You’ve just boarded the Triathlon Train (YAY!). You know you’ve got to swim, bike and run but not really sure about the specifics. Questions start running through your mind, you start googling and buying triathlon mags to try answer some of your questions:


“How often should I be training?” 
“What quantity of my week should be designated to each leg?” 
“What do I do in a training session?”
“How long do I need to train before competing in a triathlon?” 
To answer these questions you need to ask yourself more questions. It’s like the inception of questions…. questions inside questions.


Ask Yourself


How much time am I willing to spend training?
Think about all your other commitments, family, friends, work, and other hobbies. Break down your week and find out realistically how much time you are willing to put towards triathlon. It may only be a couple of hours a week, but I can guarantee once the bug bites you’ll be planning your social calendar around training.


What event do I want to train for?
This will give you a good idea of how much lead up time you have to train.  Everyone will have a different lead up time depending on fitness, the event (distance) you chose to do, the different races (distances) are detailed below. Try and do an event close to home, this will avoid the hassle of traveling, plus you may even practice the course before race day giving you less unknowns to work with.


300m Swim. 10km Cycle. 2.5km Run.
750m. 20km Cycle. 5km Run.
1.5km Swim. 40km Cycle. 10km Run.
Half Ironman (70.3):
1.9km Swim. 90km Cycle. 21.1km Run.
Ironman (140.6)*:
3.8km Swim. 180km Cycle. 42.2km Run.
*probably wouldn’t recommend doing an ironman as your first triathlon! 😛


What is my budget (for a coach, for a training plan, for equipment, for events)?
You need to ask yourself, how much realistically are you willing to spend.

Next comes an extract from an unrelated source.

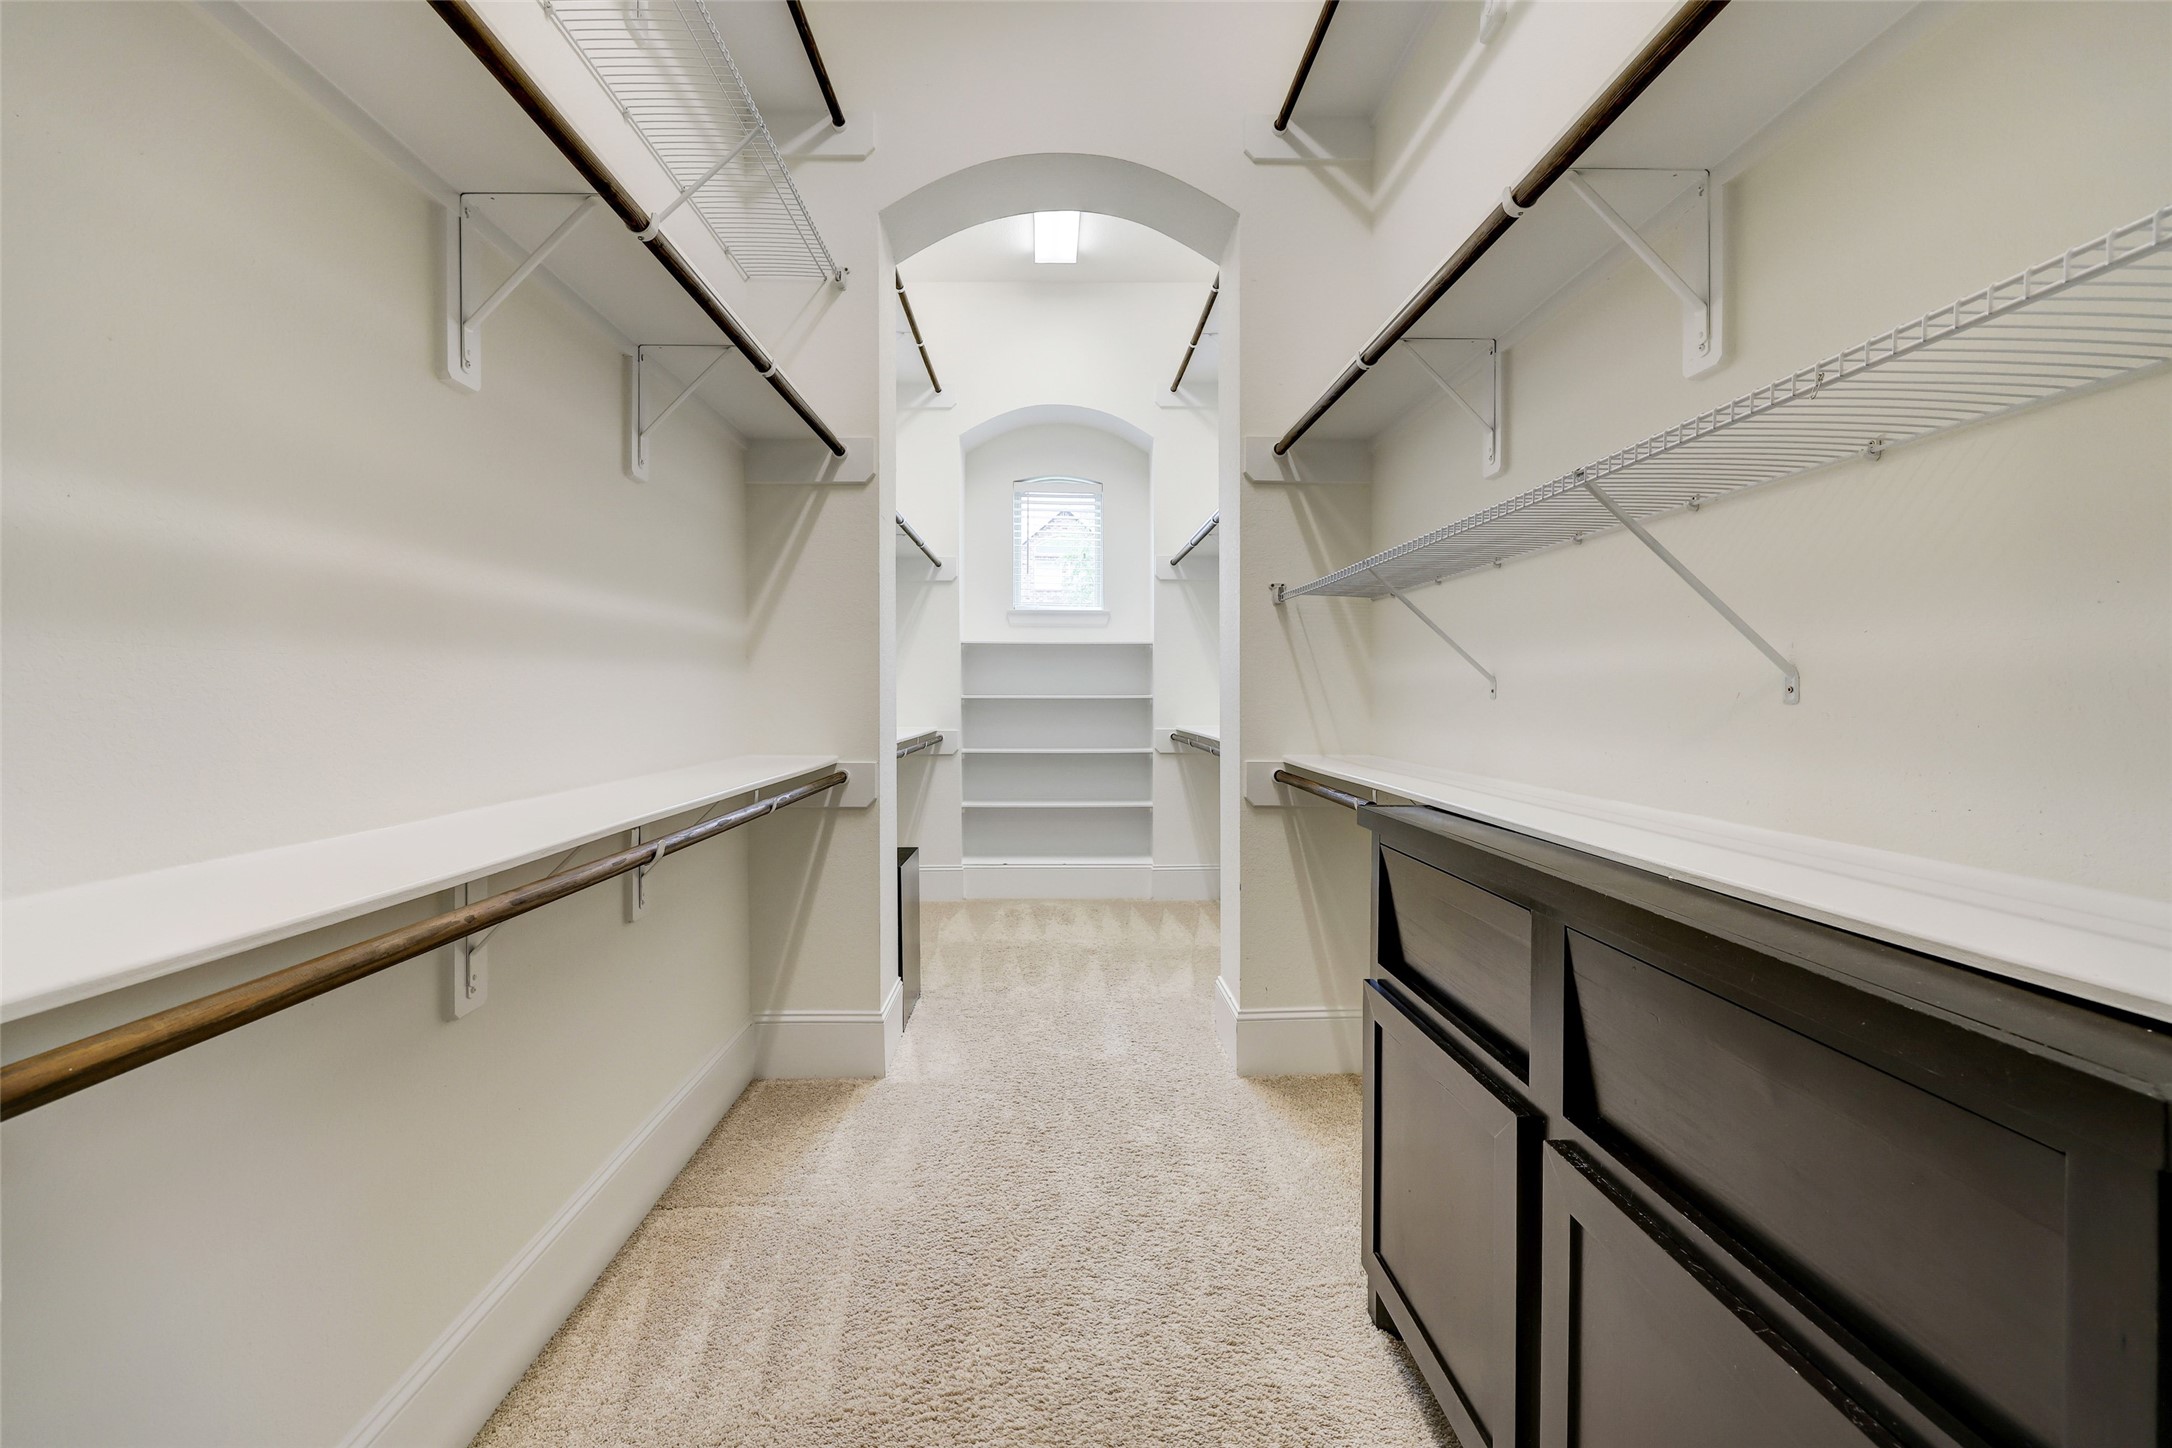 The Primary Suite closet offers built-ins, ample hanging space and additional overhead storage.
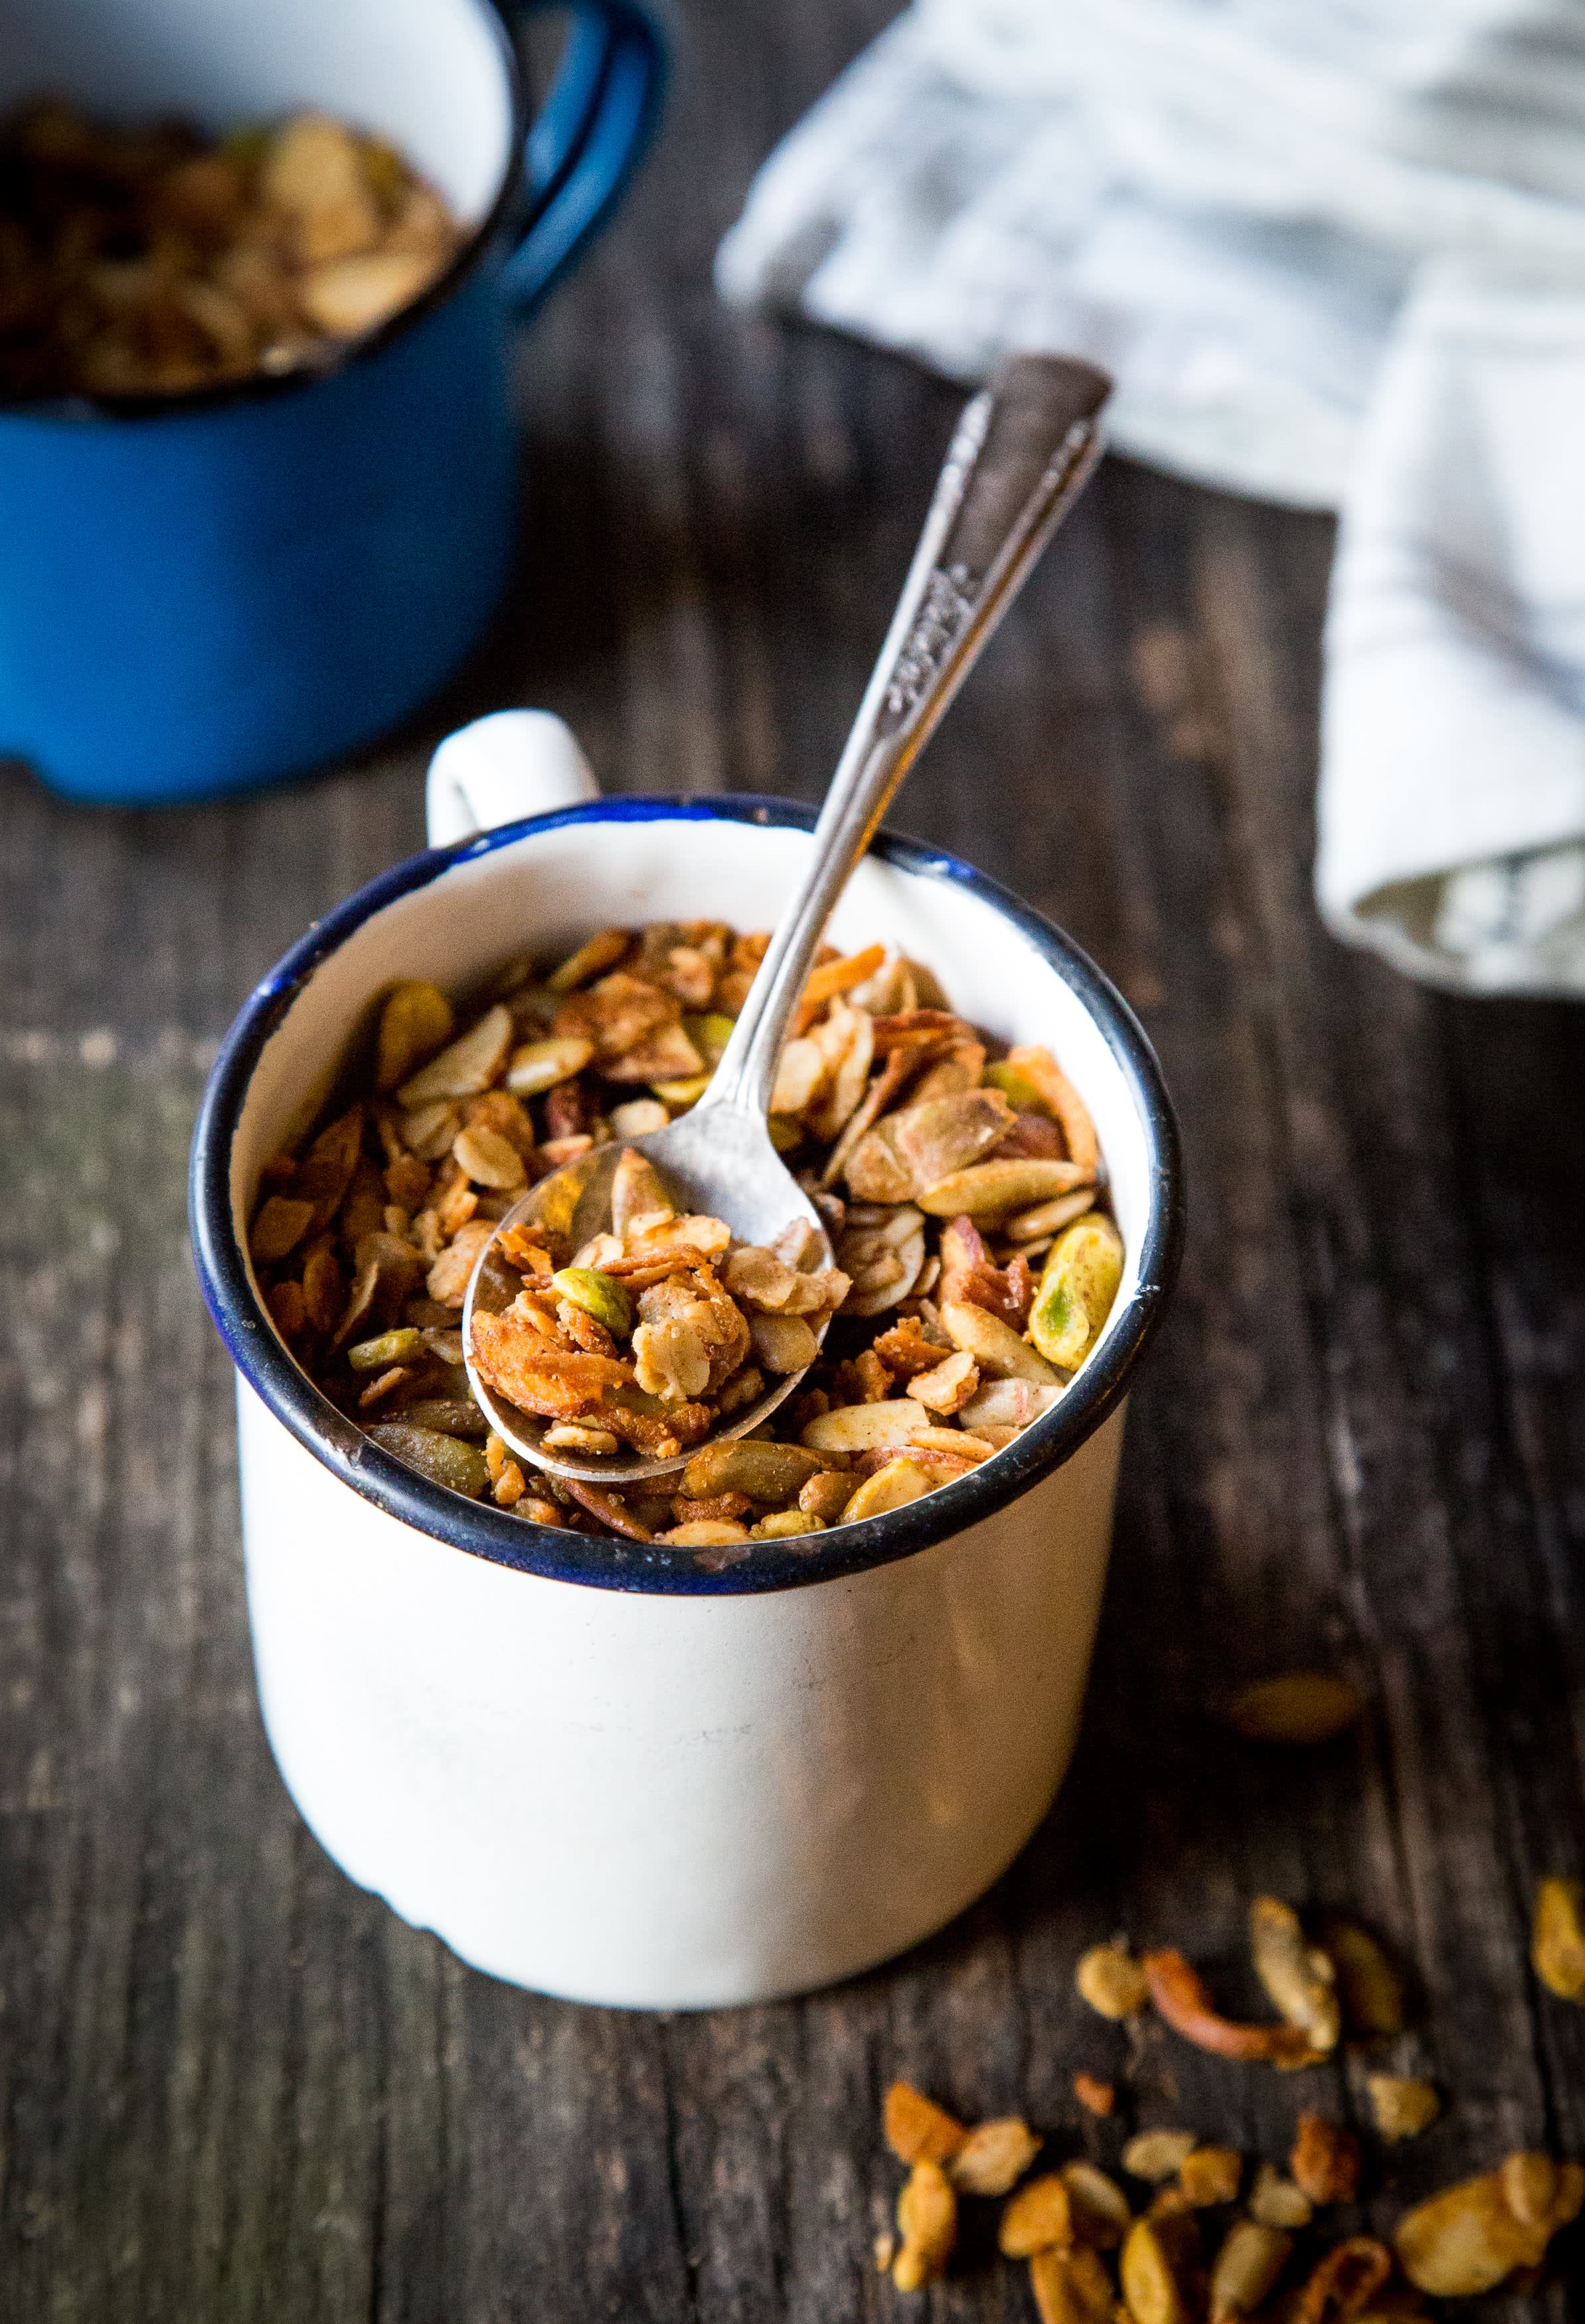 Muesli vs. Granola: What's the Difference?

Triathlon can be as expensive as you want, with the latest TT Bike, wetsuit, running shoes, race entry, top notch coach etc. For your first triathlon make sure you stick to a budget as it can easily be blown out of the water. $$$


Which leg is your strength?
Train all legs, but focus on where you can improve the most. For instance, if you are already a relative good swimmer but new to cycling or running, spending hours in the pool to shave off a second of two off your 100m’s is not going to be as effective as focusing on cycling or running.
Approximate breakdown: Swim: 10%, Bike: 55%, Run: 35%


What gear do I need?
Check out our Ultimate Race Checklist to give you an idea of the equipment you may need.


Top 8 Tips for Triathlon Newbies


  1.  All the gear, no idea!  No you do not need a fancy triathlon bike. Yes, while they look amazing and eventually you may get one but your current bike or an entry level bike will suffice.
  2. Nutrition. Ensure you fuel right, pre, during and post training.
  3. Stay Consistent. With training, nutrition, recovery and don’t do anything new race day.
  4. Transition. Don’t forget transition time counts too. Ensure you know the transition area and have practiced dismounting etc. If  you haven’t practiced pre-clipping your shoes in training, don’t try it race day.
  5. Recovery. Ensure you don’t go overboard on training. Increase your training and appropriate increments and recover accordingly through rest, sleep nutrition, mobility and active recovery.
  6. Ask questions. This sport is full of so many supportive and encouraging people who have had years of experience in the sport. Reach out, the majority will be happy to assist you with questions. Otherwise research! Do your own research and find out what works best for you, nutrition, training, coaching, recovery.
  7. Support Crew. Remember to yell out to your support crew, because unless you are wearing high vis orange with bells on your support crew can miss you and remember they’ve been waiting for hours to watch you go past for 20seconds.
  8. Have fun. Triath-FUN! Smile, laugh, ENJOY the process and be proud of yourself! Remember don’t get all caught up with the specifics, your first triathlon is all about learning and having fun!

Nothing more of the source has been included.